La storia di una donna montepaonese che per sottoporsi all’esame dovrà attendere un anno con il ginocchio gonfio e dolori lancinanti senza sapere qual è la patologia di cui soffre

Fonte: articolo di Gianni Romano (Il Quotidiano del Sud, in precedenza Il Quotidiano della Calabria)

MONTEPAONE (CZ) –  30 OTTOBRE 2014 – Un dolore atroce ad un ginocchio, La rotula gonfia e la presenza di  liquido inducono una donna residente a Montepaone a recarsi dal proprio medico di base, dopo la visita il medico prescrive alla donna una risonanza magnetica.

La donna si reca al reparto di accettazione del l’ospedale ma con grande sorpresa gli viene prenotata la visita presso il presidio ospedaliero Pugliese- Ciaccio di Catanzaro per il giorno 23 ottobre 2015, un anno esatto.

«Ma come è possibile  – si chiede la donna – resistere con questo gonfiore al ginocchio per un anno intero senza sapere quale è la mia patologia». Alla domanda della donna se era possibile fare la risonanza in tempi brevi gli avrebbero detto di rivolgersi a strutture sanitarie a pagamento, «ma come a pagamento  – diceva la donna – non riesco ad arrivare alla fine del mese con la mia pensione, perché a pagamento?».

La risonanza magnetica in campo medico è usata prevalentemente a scopi diagnostici nella tecnica dell’imaging a risonanza magnetica (detta anche tomografia a risonanza magnetica). Le indagini mediche che sfruttano la Rmn danno informazioni diverse rispetto alle immagini radiologiche convenzionali: il segnale di densità in Rmn è dato infatti dal nucleo atomico dell’elemento esaminato, mentre la densità radiografica è determinata dalle caratteristiche degli orbitali elettronici degli atomi colpiti dai raggi X.

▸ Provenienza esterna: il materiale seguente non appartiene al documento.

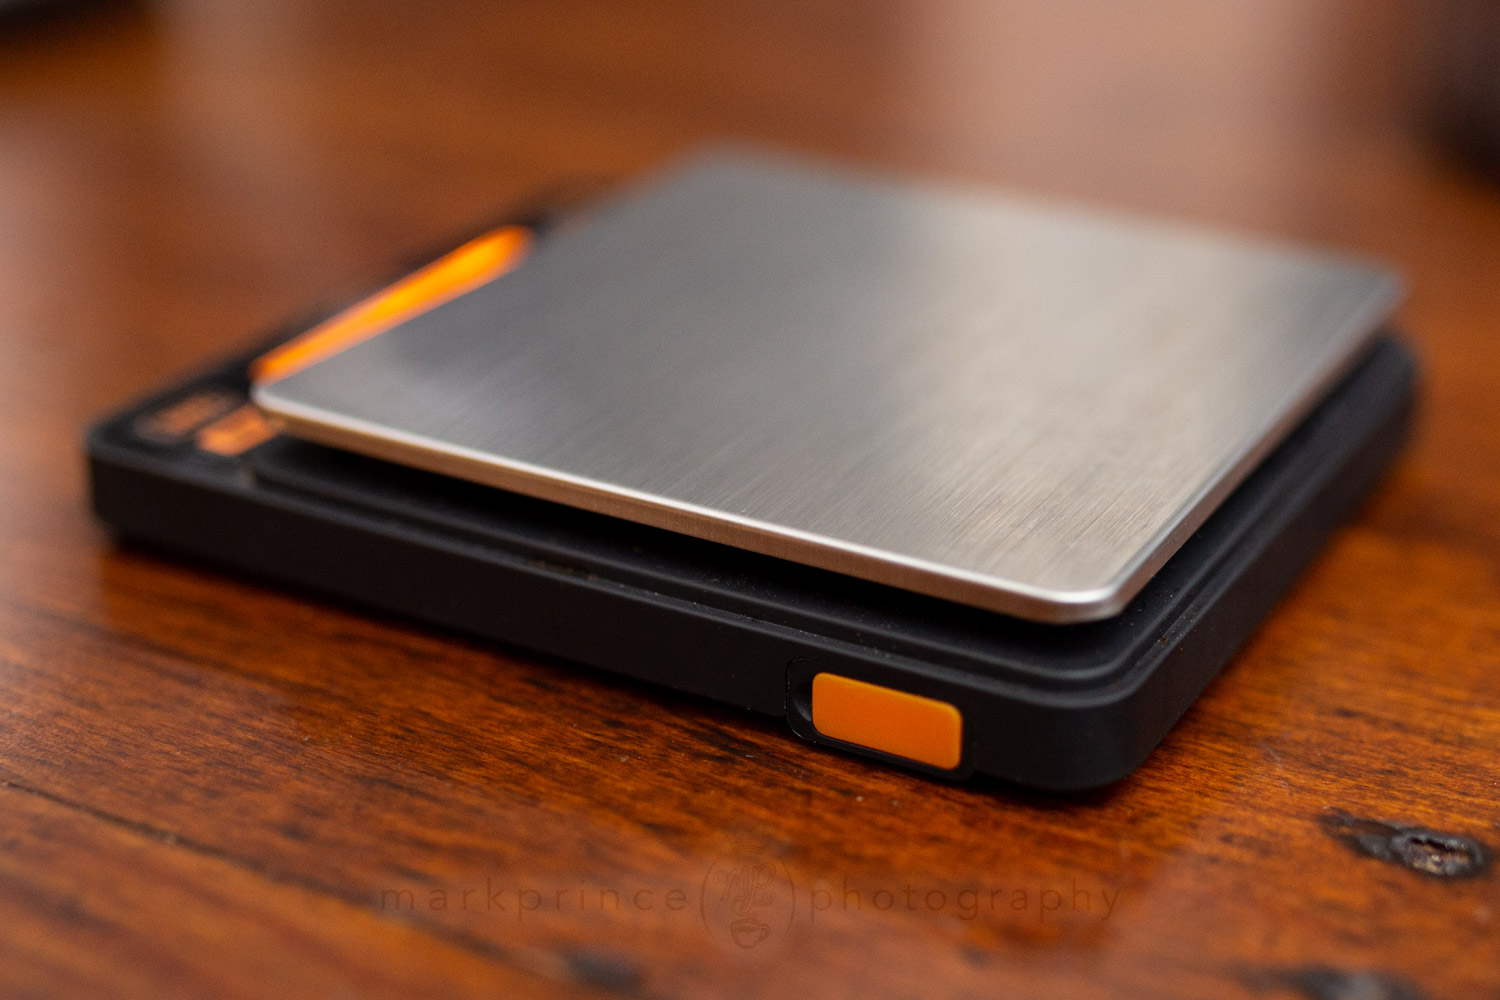 Test Drive—The Coolest Free Coffee Gadgets and Brewista Smart Scale II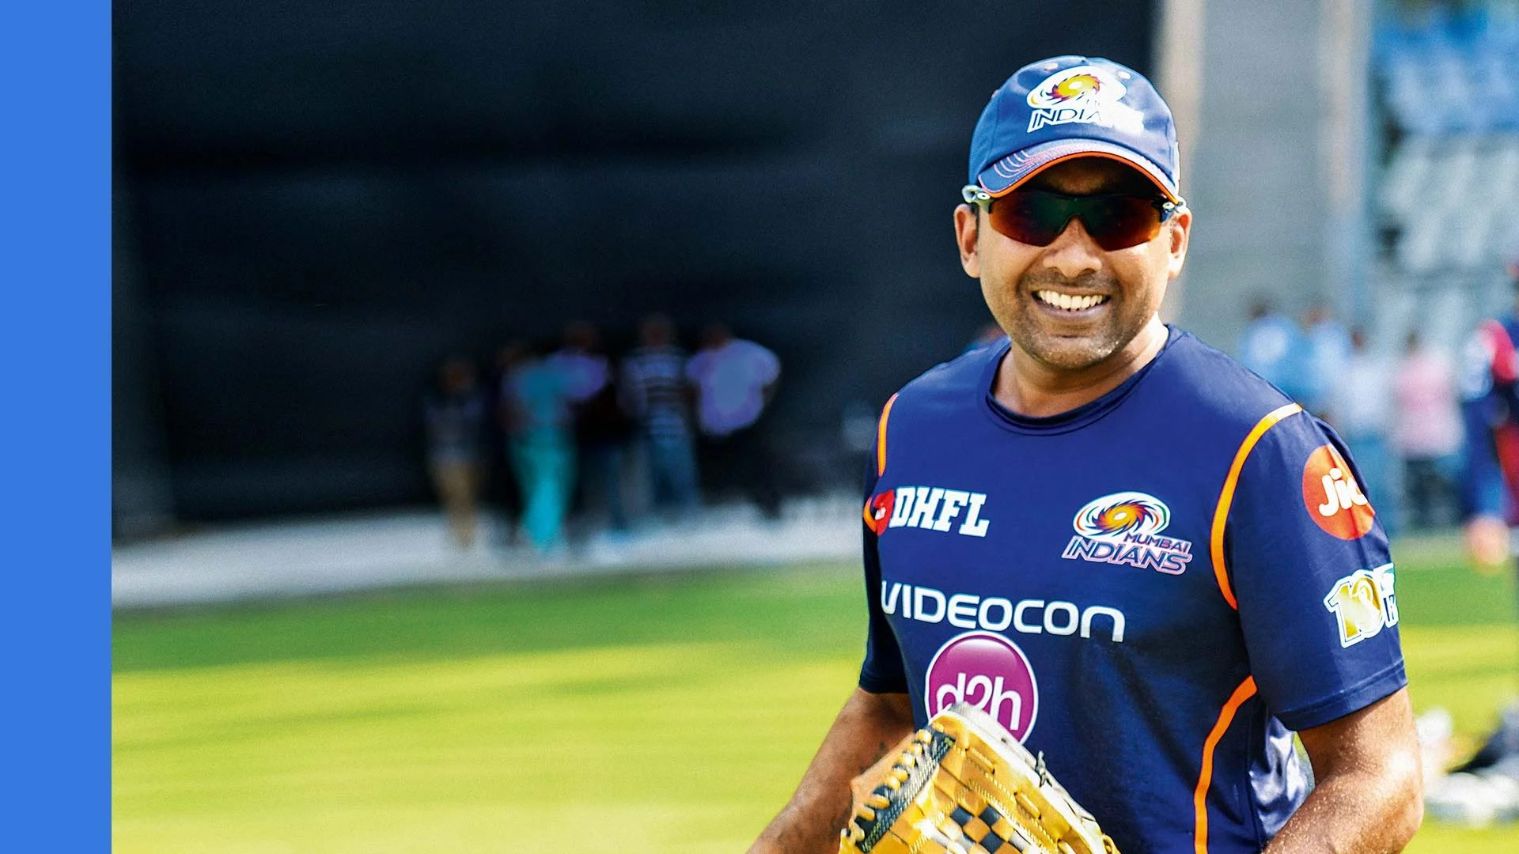 MI coach Mahela Jayawardene doesn't expect better pitch, commends highly-talented SRH side

Le informazioni fornite dalle immagini di risonanza magnetica sono essenzialmente di natura diversa rispetto a quelle degli altri metodi di imaging. Infatti sono normalmente visibili esclusivamente i tessuti molli ed è inoltre possibile la discriminazione tra tipologie di tessuti non apprezzabile con altre tecniche radiologiche. Anche se non sono usati raggi X per ottenere il risultato, questa modalità è normalmente considerata come facente parte del campo della radiologia, in quanto generatrice di immagini correlate alle strutture all’interno del paziente.

Allo stato attuale delle conoscenze non vi sono motivi per ritenere dannoso un esame di risonanza magnetica (eccetto per gli ovvi casi in cui il campo magnetico interagisca con impianti metallici presenti nel corpo del paziente, quali pacemaker, clip vascolari, dispositivi salvavita non compatibili con la Rmn)) per quanto debba essere preservato il principio di giustificazione in alcuni casi particolari, come indagini da eseguirsi su pazienti in gravidanza.

In tali casi si deve ritenere la metodica potenzialmente dannosa e procedere all’indagine soltanto dopo attenta valutazione del rischio/beneficio, sulla cui base l’eventualità del danno dovuto alla metodica passa in secondo piano rispetto al beneficio ricavabile dalle informazioni da essa provenienti.

Spesso , in campo medico, si preferisce scrivere “risonanza magnetica” (Rm) e non “risonanza magnetica nucleare” (Rmn) omettendo la specificazione “nucleare”, non indispensabile alla definizione, per evitare di generare equivoci e falsi allarmismi, spesso associati all’aggettivo nucleare e ai rischi di radioattività, fenomeni con i quali la Rmn non ha nulla in comune.